Locally only. For remote access I’m running pfSense with certificate based OpenVPN configured… OpenVPN clients on phones, Viscosity clients on laptops.

Yes this host is running other services via Docker and VirtualBox guest OS machines including HomeAssistant OS. I am experimenting with Frigate as well, and have two Coral TPU mini pcie modules installed via pci slot converters.

Goals

  • Access an LLM service over a web ui of some sort in order to allow myself and employees (via separate logins with access permissions for various data stores) to access accounting documents to find receipts and other relevant information… more like an advanced search system than anything.

  • The ability to assist with accounting mysteries would be a huge plus.

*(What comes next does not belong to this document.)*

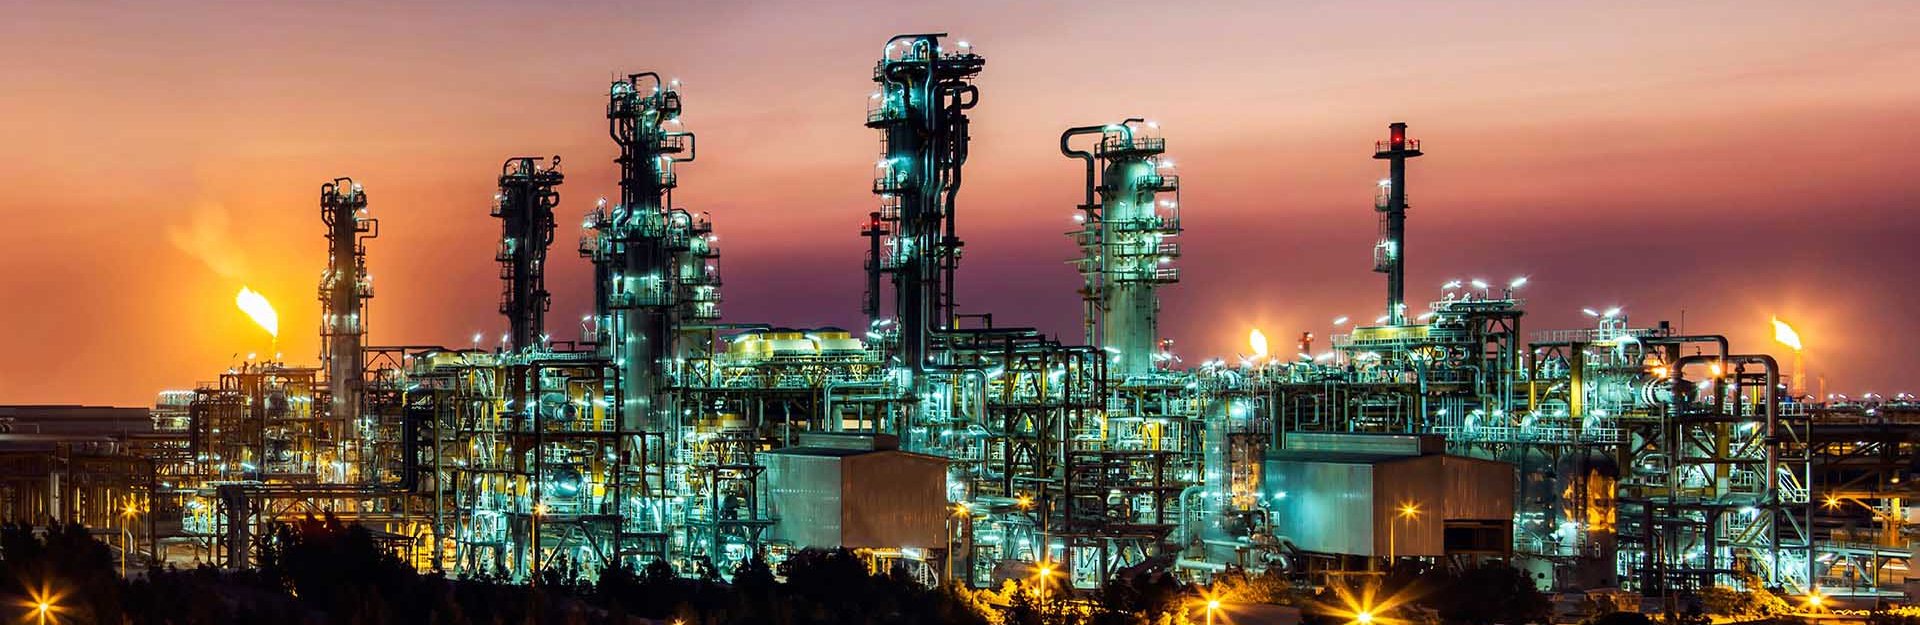 شرکت سازه صنعت سنا فارس: سازنده و تامین کننده تجهیزات ثابت صنایع نفت، گاز، پتروشیمی و فولاد

For example, Amazon often groups purchases together when charging credit cards, making it very hard to match up order totals with card charges. Having even a little bit of investigative fervor and being able to see a charge for $10 with two Amazon orders placed around the same time for $8 and $2 and making that connection might be helpful… but at this point I would settle for a simple local search engine that can actually pull straightforward data to the foreground.

  • The system presents relevant data (citations) with links or paths to the relevant documents (like openwebui RAGs can do) so myself or the employee can simply click the document link to review and confirm.

Stretch goals

  • Be able to answer questions about connected comms logs (emails, chats, etc.) such as “Who did I talk to about XYZ recently, like in the last 18 months?” or “How many people contacted me about ABC?”

  • Manage “long term” memory conversationally like “Remember I put my winter gloves in box 5” or “My name is Amal Graafstra, you better remember that or I’ll jam a paperclip into the cooling fan of one of your 3060s”… stuff like that.

I realize there might be better approaches for solving certain things like email analysis vs straight up accounting data digging… but ultimately the golden rule for me here is that in any case, speed is far far less of a concern than accuracy. I would rather a job take 4 hours to complete and have all the correct relevant data presented than it take 30 seconds but miss important data or produce gibberish. If it turns out a system can be built that is accurate and does what I want, I’ll sink cash into buying a GPU rack and rebuild it with screamin hardware.